Amelie Hanna, Flinders University of South Australia

Dr Amelie Hanna (PhD) has 25 Years of Academic & Professional Experience in Public & Business Administration and Information & Education Technology. Amelie Hanna has received a number of awards during her professional & academic lives. Amelie is Egyptian by birth and Australian by citizenship and speaks Arabic & English. Amelie Hanna has Postgraduate Qualifications in Public & Business Administration and Information & Education Technology from Egypt, USA and Australia. Amelie Hanna has taught different subjects in different fields: Information Technology, Education Technology, Management & Administration, Migration & Multiculturalism. Amelie Hanna has the experience of working in Professional & Academic Organisations in Australia and Egypt including Researcher, University Tutor, Website Developer and e-Learning Designer. Currently, Amelie Hanna is interested to teach Arabic migrants to Australia to establish their own e-businesses.

Lindsey Conner, Flinders University of South Australia

Prof Lindsey Conner is an internationally renowned education expert who is known for her research on innovation in Education and teaching. Her commitment to social justice and prioritisation of specific actions (in a creative frame of "what else can we do to make a difference?") underpins her philosophy and leadership to empower people to stretch their potential for social mobility. She strongly believes that it is through education that people can achieve great things and have greater life chances.

Lindsey was previously the Deputy Pro Vice-Chancellor (Education), Associate Dean Postgraduate Research and Dean (Education) at the University of Canterbury in New Zealand.

Prof Conner has a can do attitude and a passion for leading change. Her leadership in Education is drawn from nearly 26 years as a researcher and teacher educator in science education, including research on the application of technologies within disciplines and in cross disciplinary contexts. Prof Conner has also led an international partnership project on implementing ICT in schools and was Director of the Science and Technology Education Research Hub which has had international aclaim.
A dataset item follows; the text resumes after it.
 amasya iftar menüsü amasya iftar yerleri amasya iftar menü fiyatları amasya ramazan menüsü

Prof Conner has a strong international profile and led the 7 country Pacific Circle Consortium research project on Teacher Education for the Future. In 2013 Prof Conner was an invited consultant to NIER (Japan) working with the Ministry of Education Japan on infusing competencies across curriculum. Prof Conner was also a funded visiting fellow at SEAMEO RECSAM, Penang (2013) and a consultant in developing science teaching standards for the South East Asian Ministries of Education (2014) which have been implemented in 11 Countries. Prof Conner has developed courses and supported researchers from universities in Bangladesh, China, Malaysia and Korea.
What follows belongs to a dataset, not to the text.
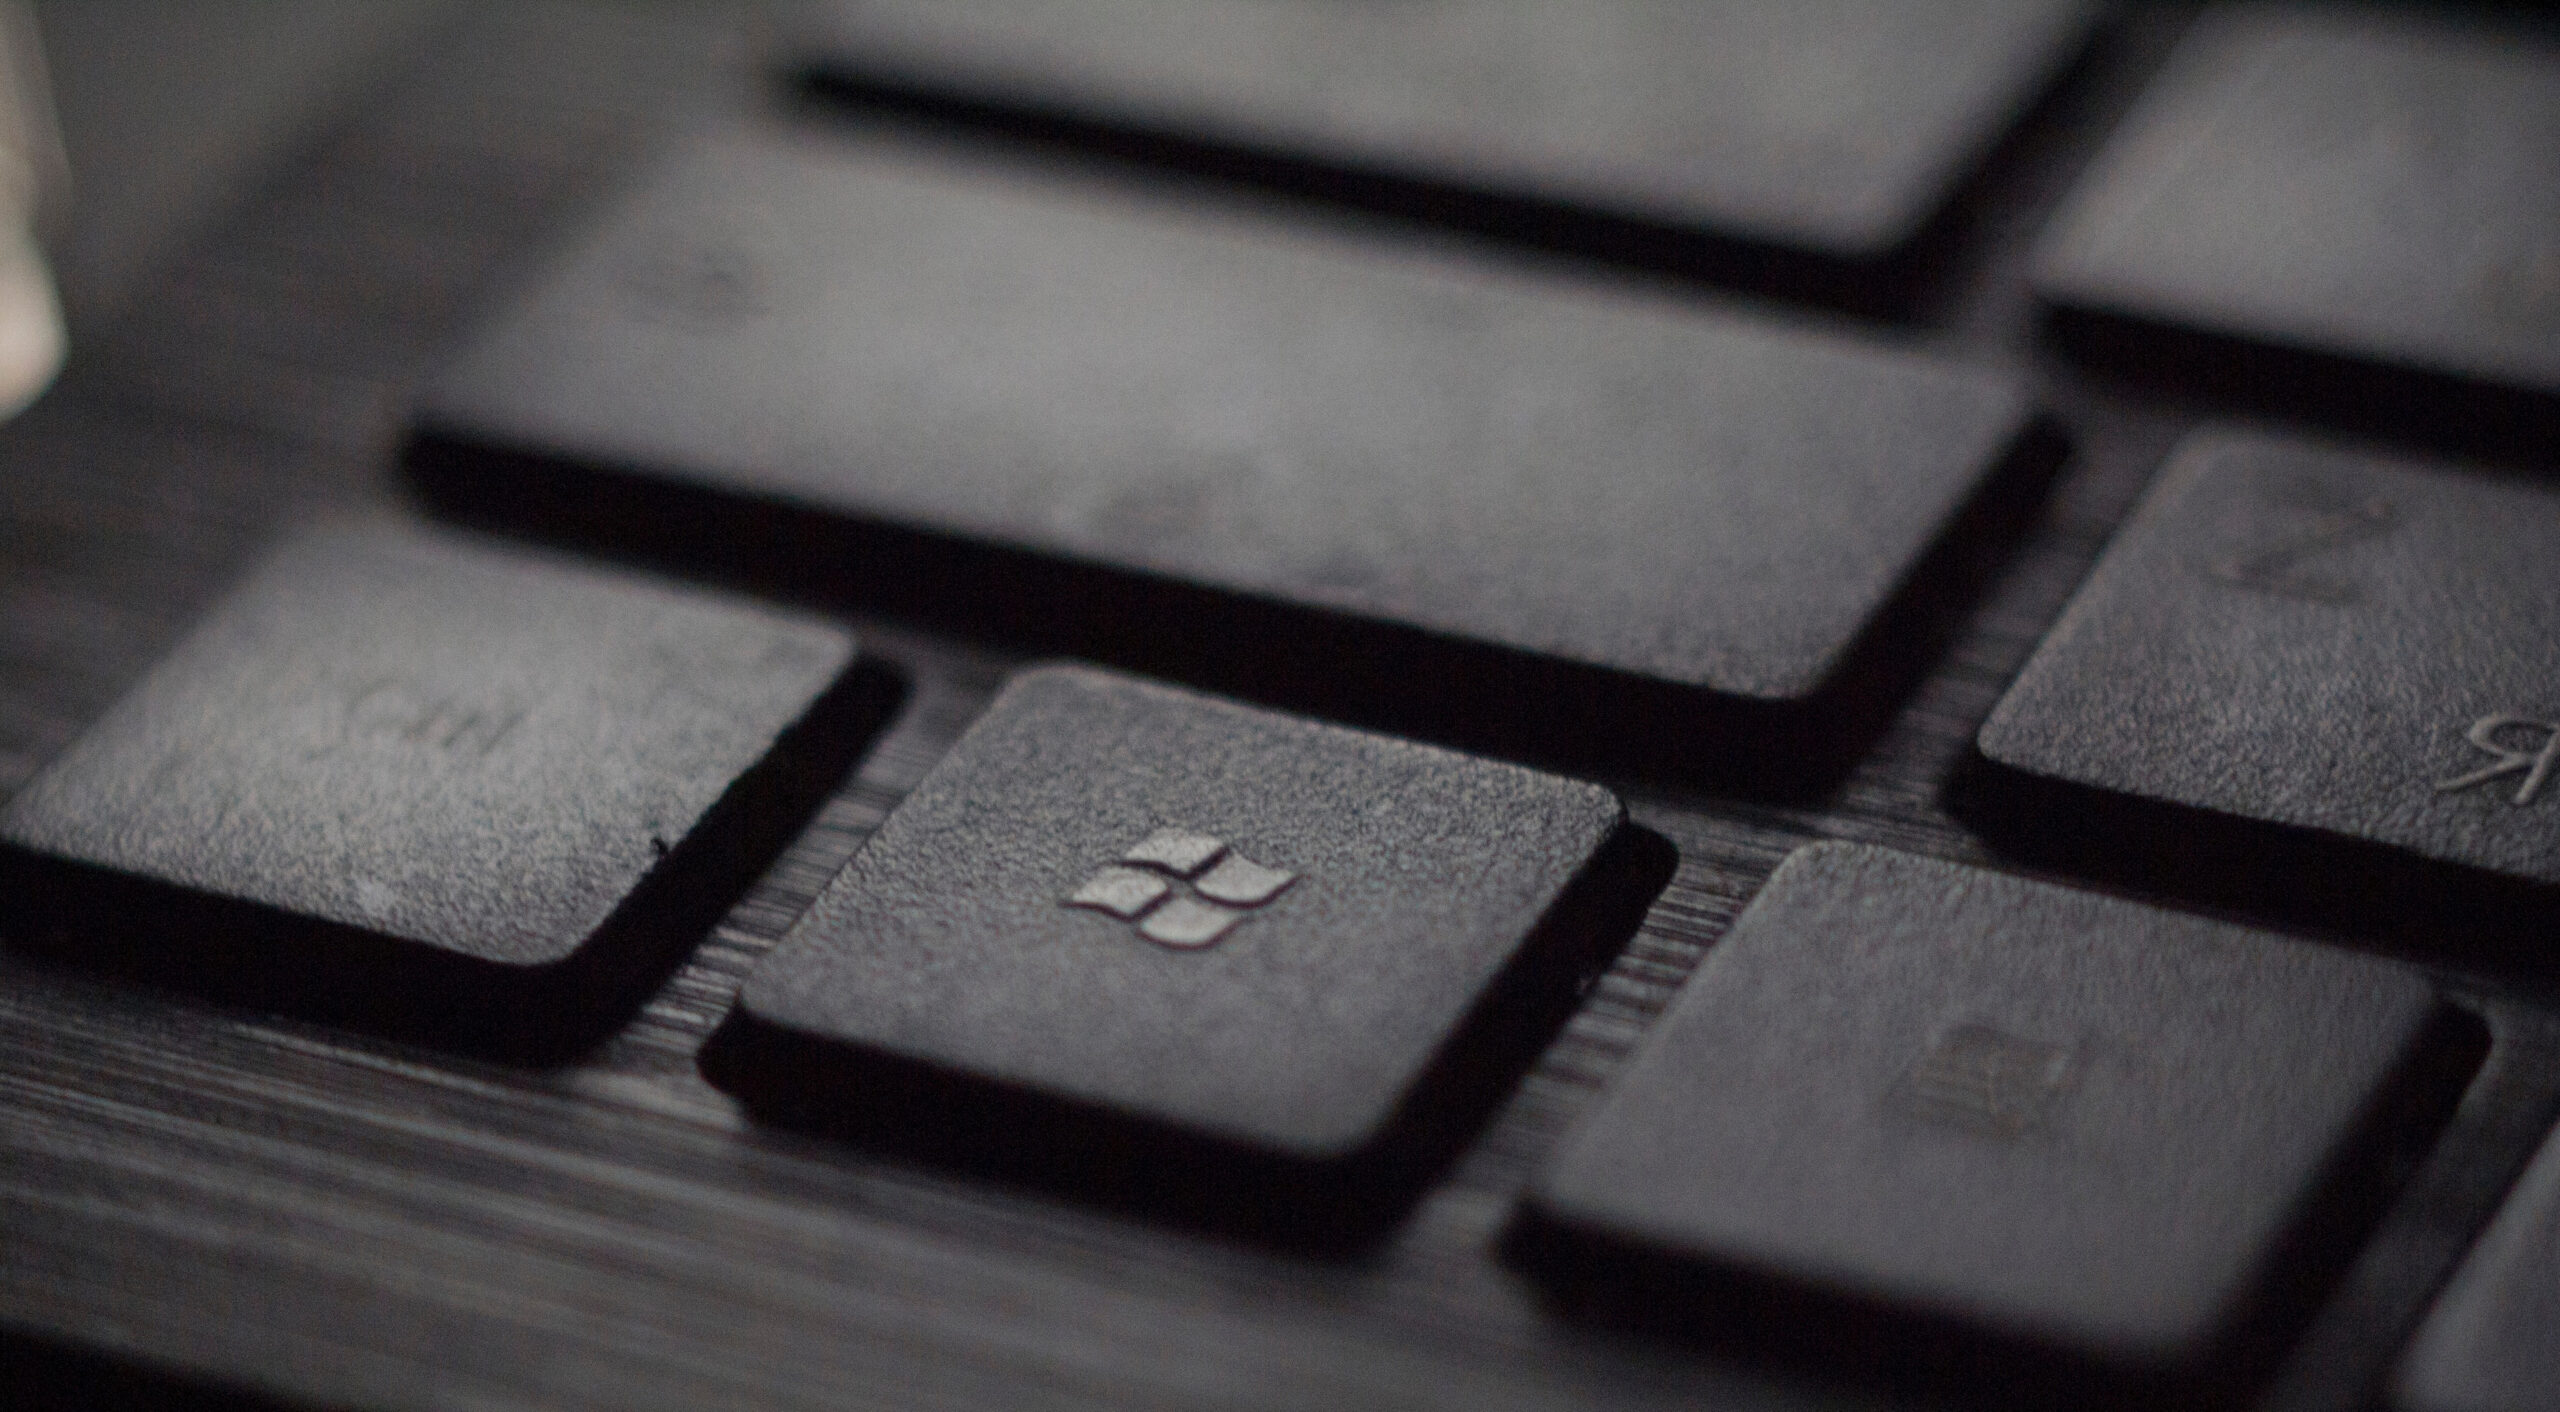 Microsoft Exchange Hack

Previously, Prof Conner was the New Zealand coordinator for the OECD Innovative Learning Environments Project and Commissioner for the New Zealand Olympic Education Committee.
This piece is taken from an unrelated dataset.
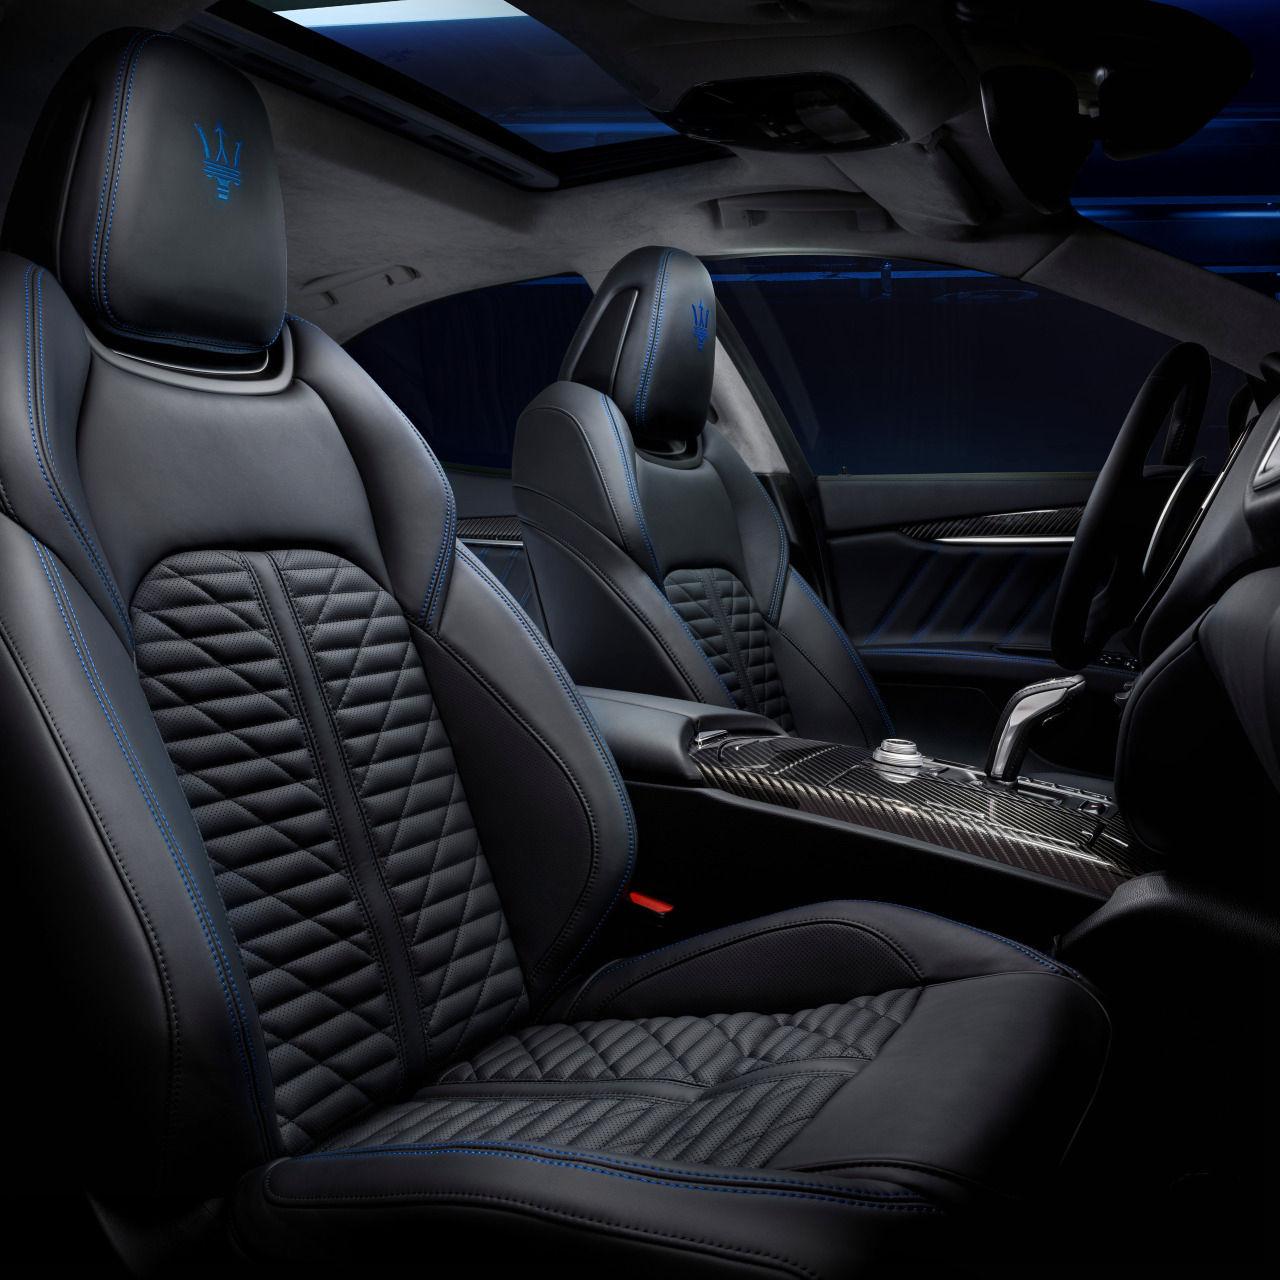 Maserati Ghibli - Design - Interieur - Vordersitze

Trudy-Ann Sweeney, Flinders University of South Australia

Dr. Trudy Sweeney is a senior lecturer in digital media in the College of Education, Psychology and Social Work. She is passionate about transforming learning with innovations in educational technology. Trudy worked for the Department of Education and Children's Services for 17 years as a primary school teacher, ICT Coordinator, Assistant Principal (Teaching and Learning), and Education Consultant and Leadership and ICT Project Coordinator at the Technology School of the Future. Trudy completed her PhD in 2002 focused on understanding teachers' work in a context of global and local school reform. Her research investigated issues related to local school management and organisational change. Trudy was previously the Associate Dean (Teaching and Learning) and the Director of Initial Teacher Education.